I have been testing APT Complete for a good 8 months now. It's been working fine so far. I have noticed an increase in GSA (green spot algae) since the very beginning. This is something other people have also reported but I think it is due to under-dosing which I know for a fact I was, at least a good -30% from the RMD. BTW, purposefully.

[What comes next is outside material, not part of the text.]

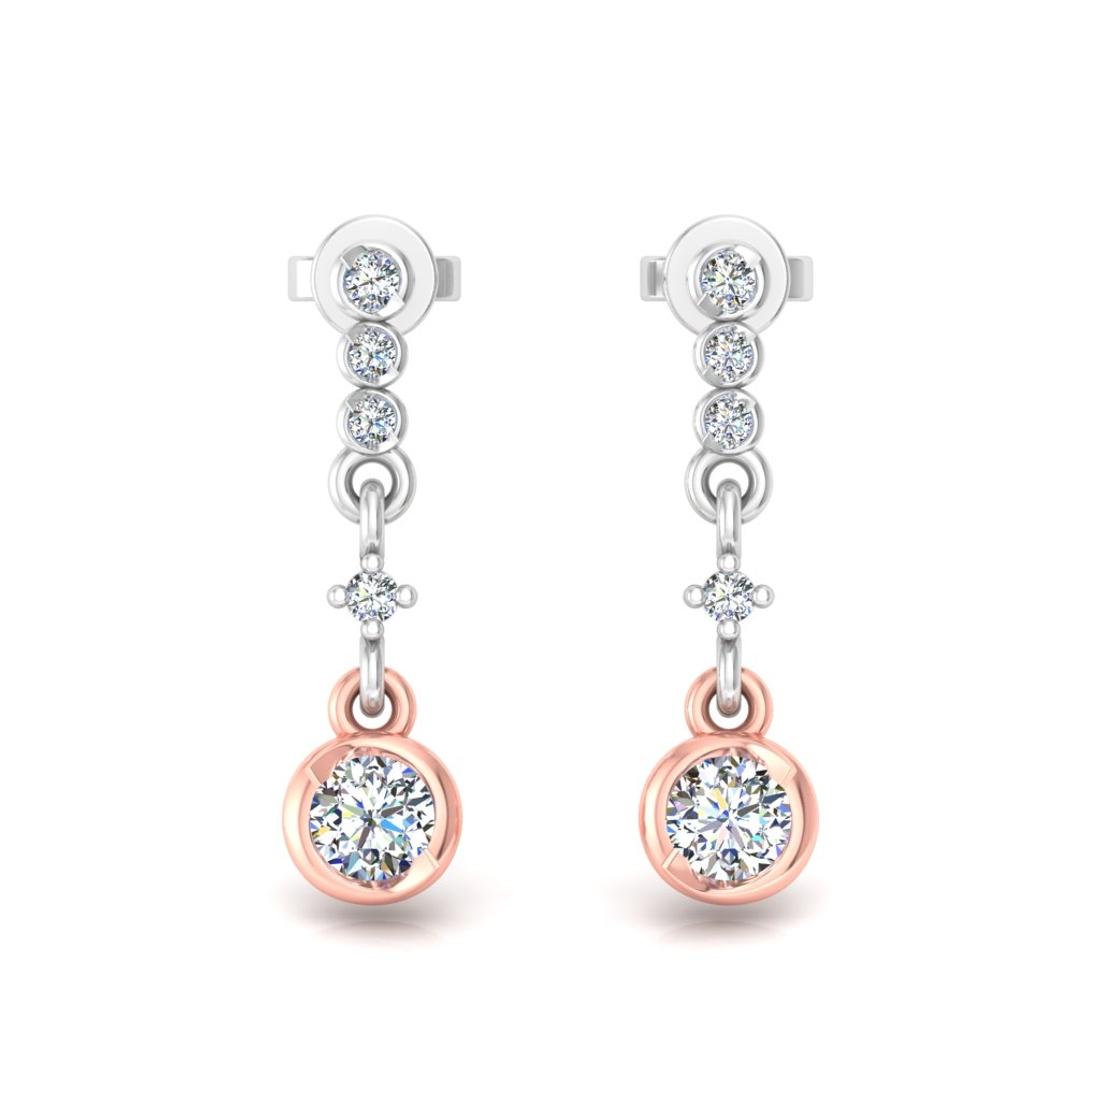 Designer mix earrings
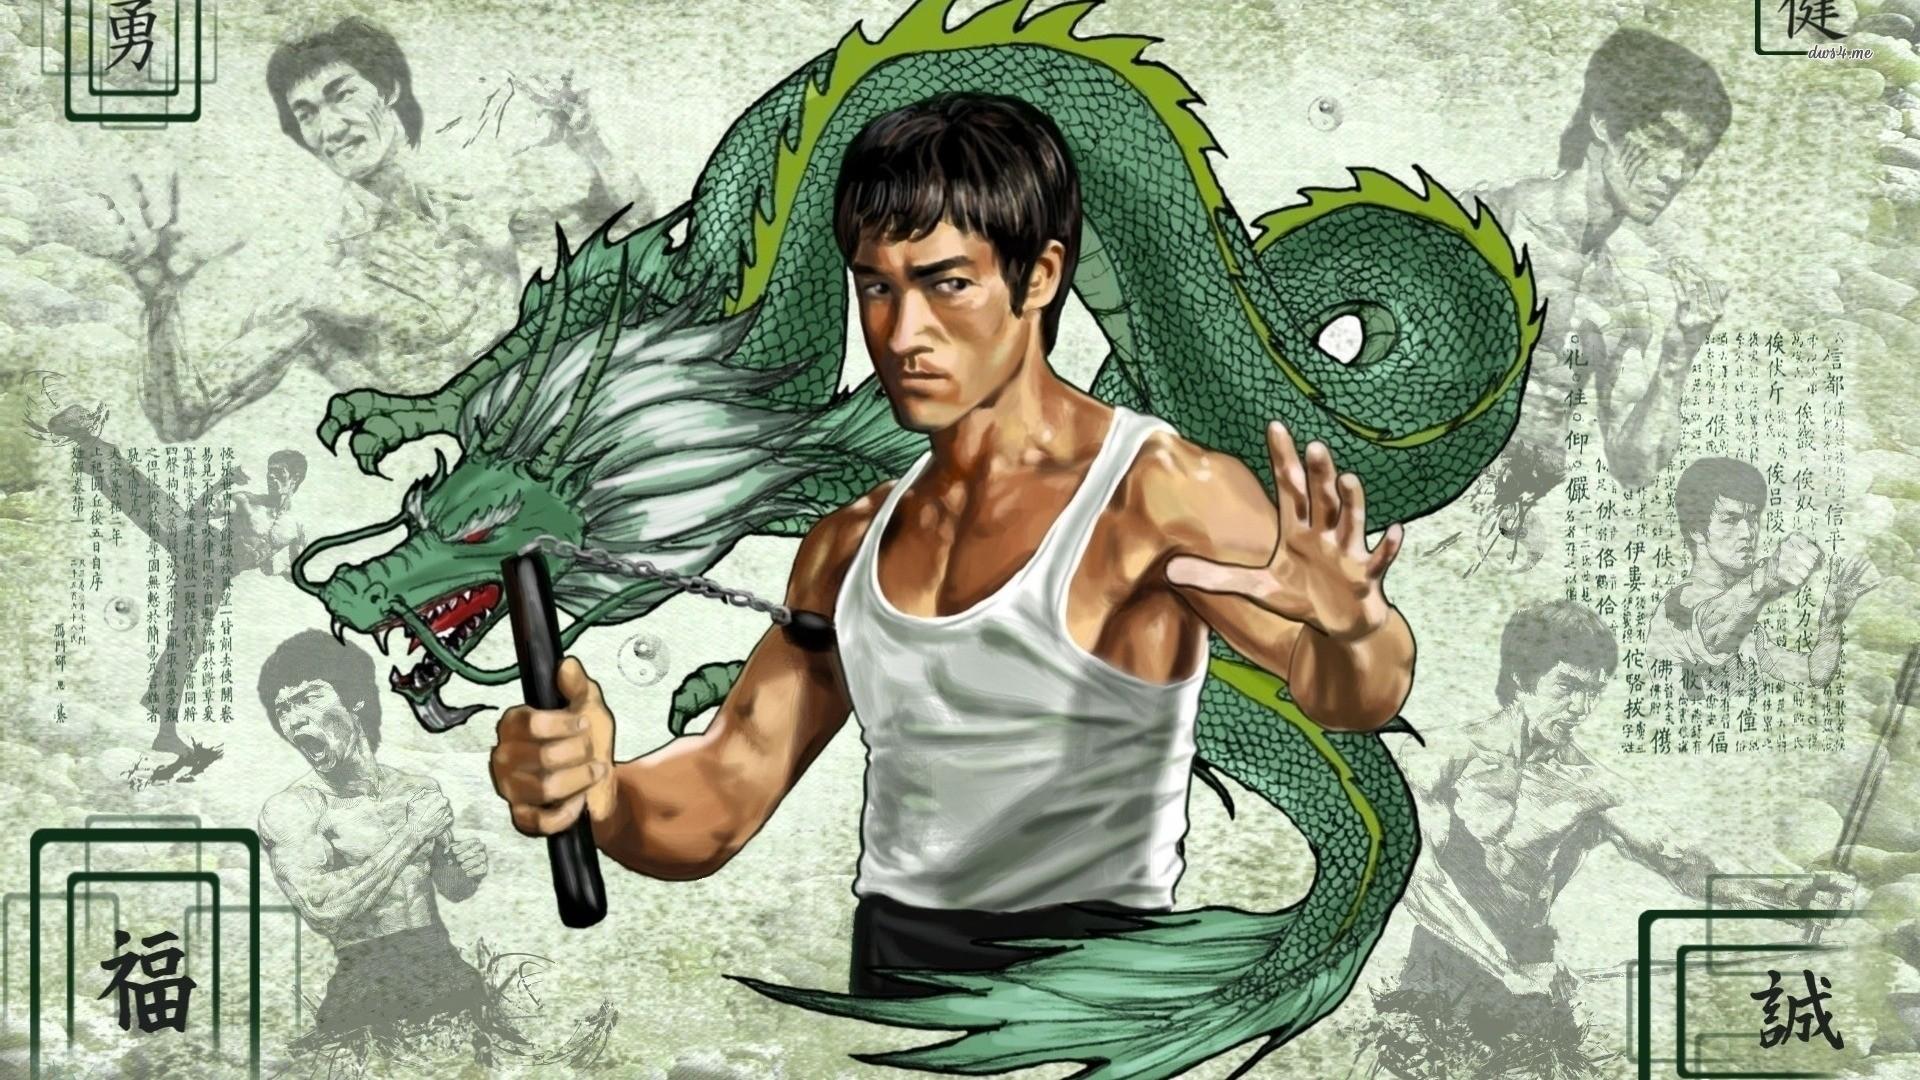 Karate vertical wallpaper hd

After this I will fall back to my usual EI recipe as the above was for testing and I am about to delve into a Dutch style scape which requires a dose of craziness but also something a bit more potent than APT Complete.


----------



## PARAGUAY (15 Feb 2021)

Just mention Neutro+ got very good plant growth with my CO2 tank


----------



## paul.in.kendal (15 Feb 2021)

Nick potts said:


> Mixng your own can sound complicated (i found it so), but really can be as simple.
> 
> I simple recipe that will work for most tanks can be found on APF, along with all the powders you need Ei Starter 1 Kit with Bottles - Starter Kits - Dry Chemicals - Fertilisers


Absolutely this. The problem when starting out with EI is that it allows for endless tinkering, and so some people tinker (which is great). But that means you look up EI on here and quickly get lost in all the discussions about tinkering.

If you're new to it  (like me) you probably have to ignore all that, find an appropriate recipe (or ask for one on here), go buy the powders, make up a batch and you're done!


----------